The “assaults on science” by those consumed by the Dunning-Kruger effect cross political lines – as much as I see right-wingers deny climate change, I see liberals embrace anti-GMO. Both sides, on many scientific facts, deny science based on their own overconfidence in their abilities compared to actual scientists.

I don’t know when the USA (and many other countries) began turning against scientists and education. After Jonas Salk invented the polio vaccine, he was treated like an American hero. He would go to a restaurant and get a standing ovation – I’m pretty sure he never paid for a meal for decades. He was probably better known than politicians or movie stars of that era.

When I write here, I don’t claim to be an expert in anything but a few, very narrow fields of biomedical science. That’s why I rely on evidence exclusively – I give weight to the quantity and quality of published, peer-reviewed data.
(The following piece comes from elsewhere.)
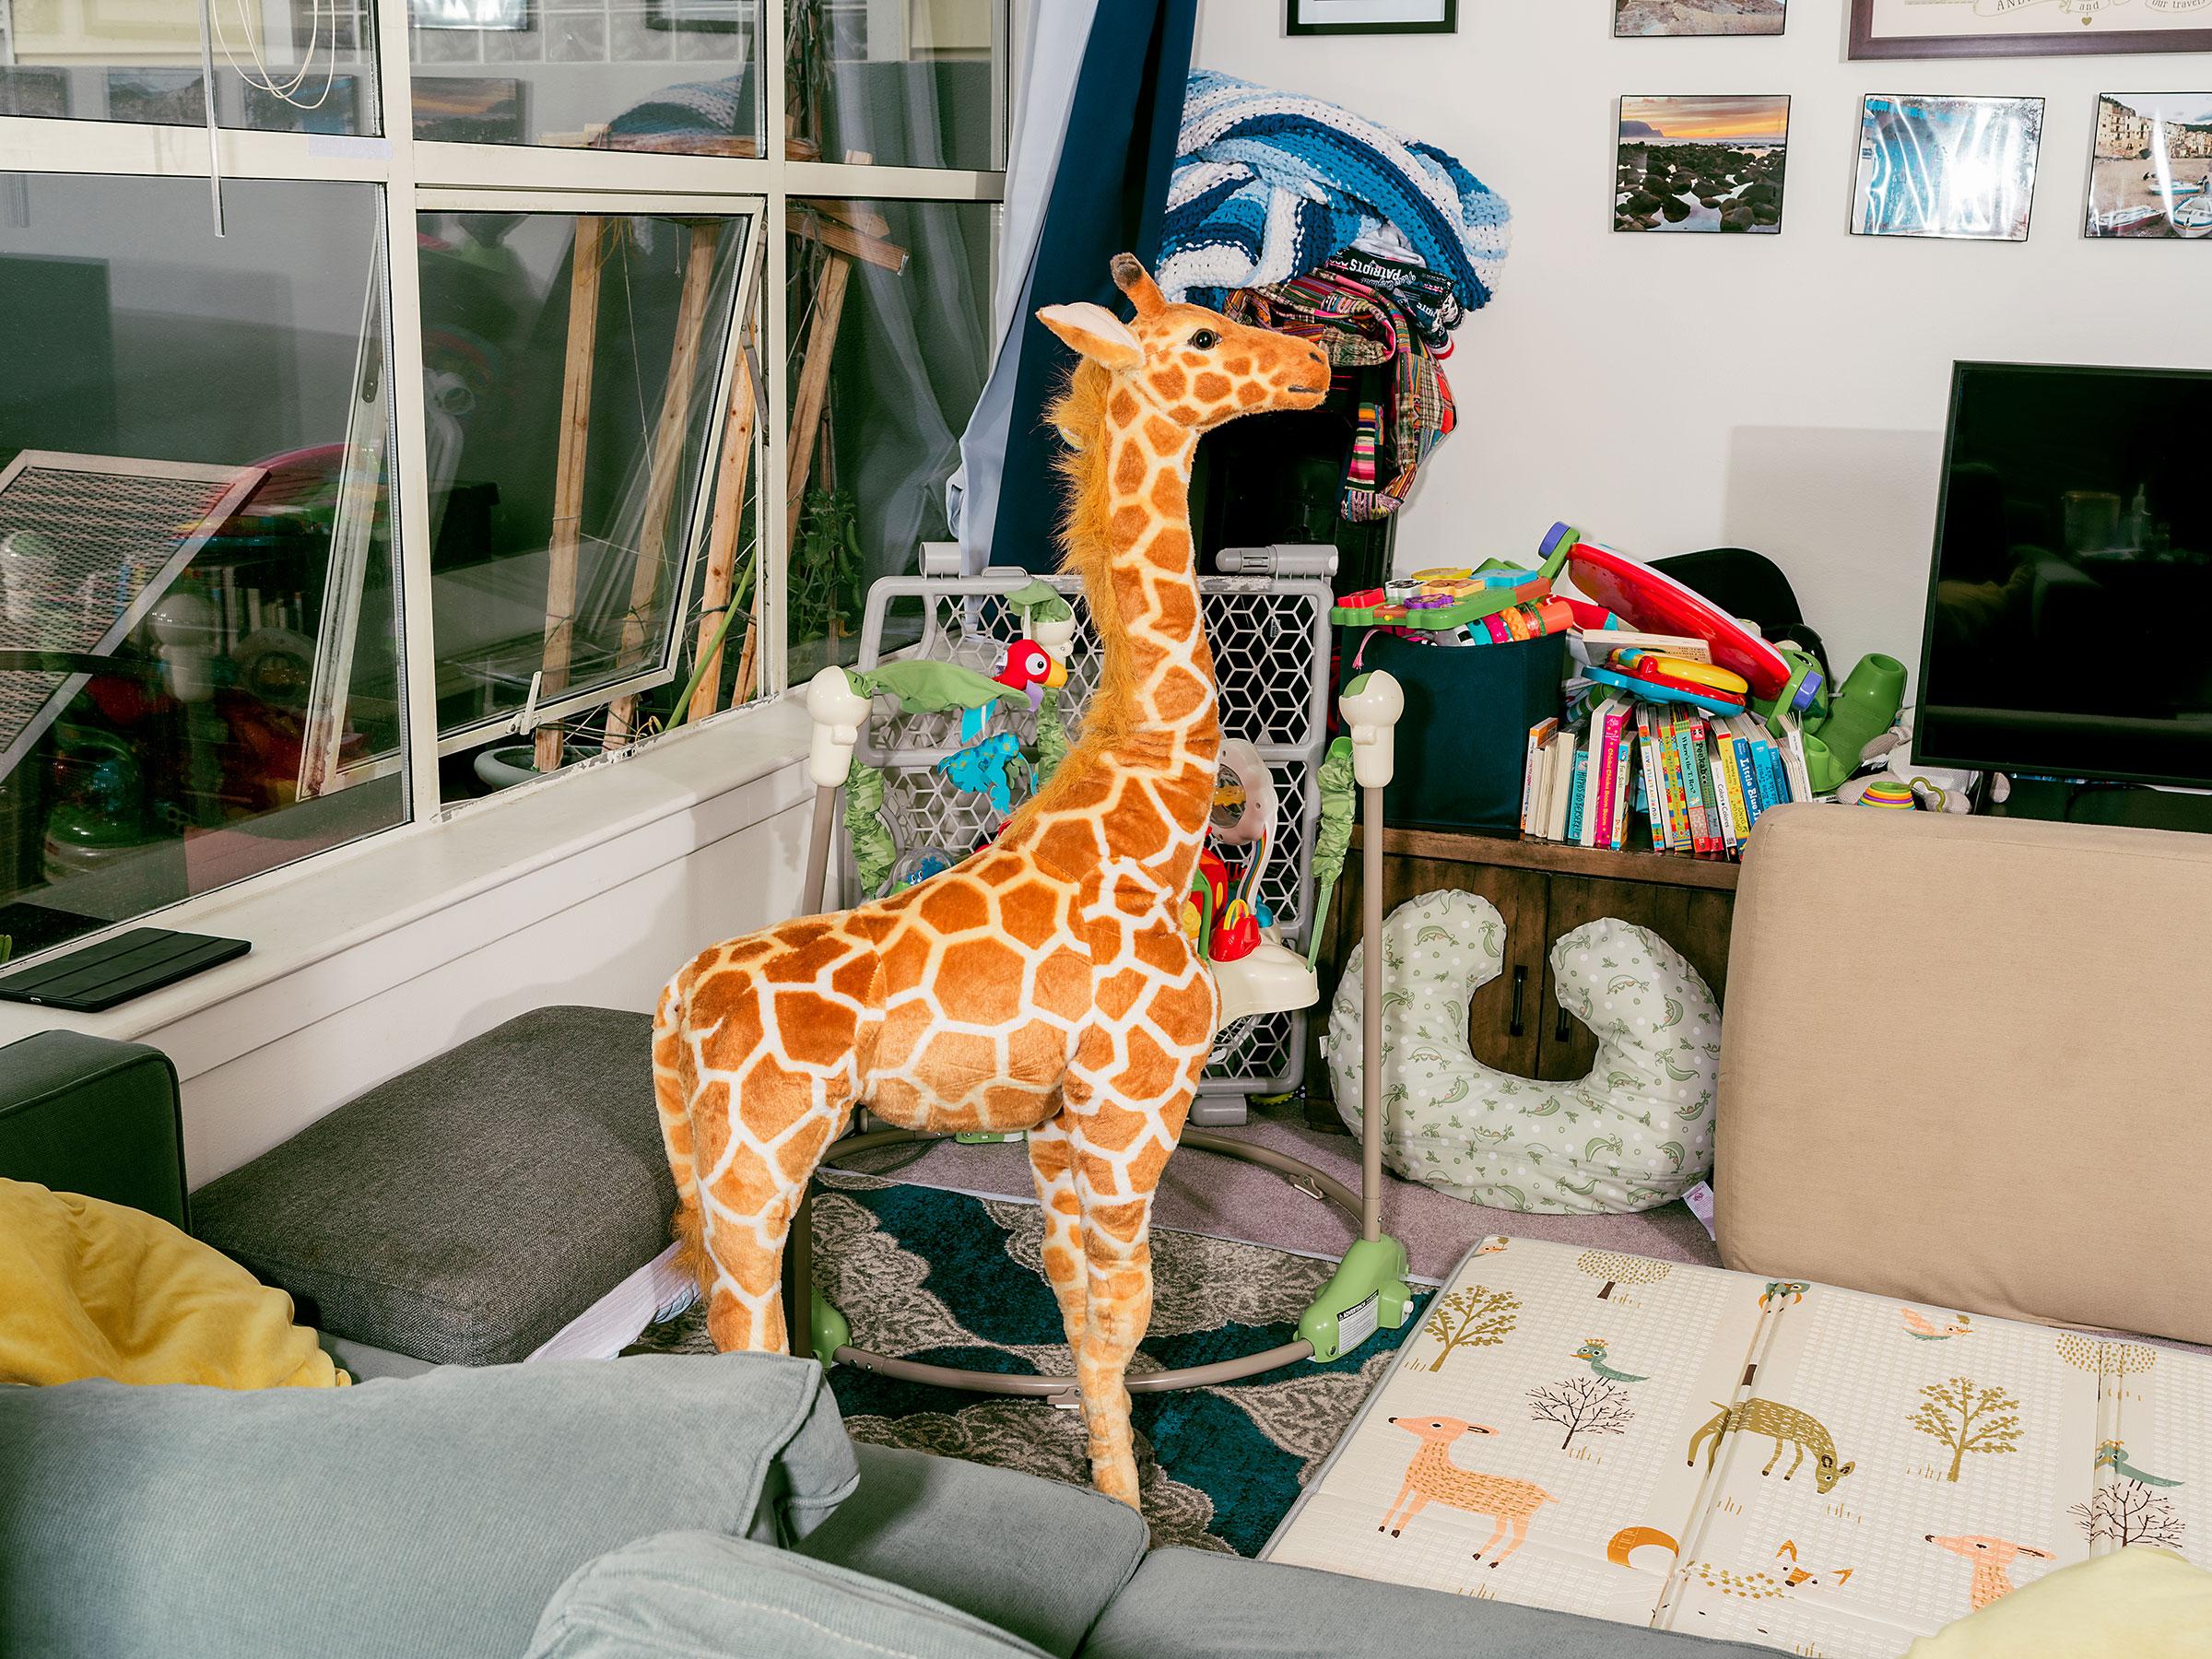 Jani the giraffe at home in San Francisco.

I try not to cherry-pick that data, I try to look at it all, though I am strongly biased toward systematic reviews, the platinum standard of published research.

I don’t know how or when we can reverse this anti-science trend that is prevalent across the political spectrum. This tendency by individuals to be overconfident in their expertise in biomedical science is damaging to public health. Just look back on this COVID-19 pandemic — we have all kinds of vaccine misinformation, the pushing of fake medicines like ivermectin and hydroxychloroquine, and pushback on face masks.

Of course, someone will surely state that I am the one with the Dunning-Kruger effect with a dose of Big Pharma shill dollars. That’s why I only rely upon published evidence.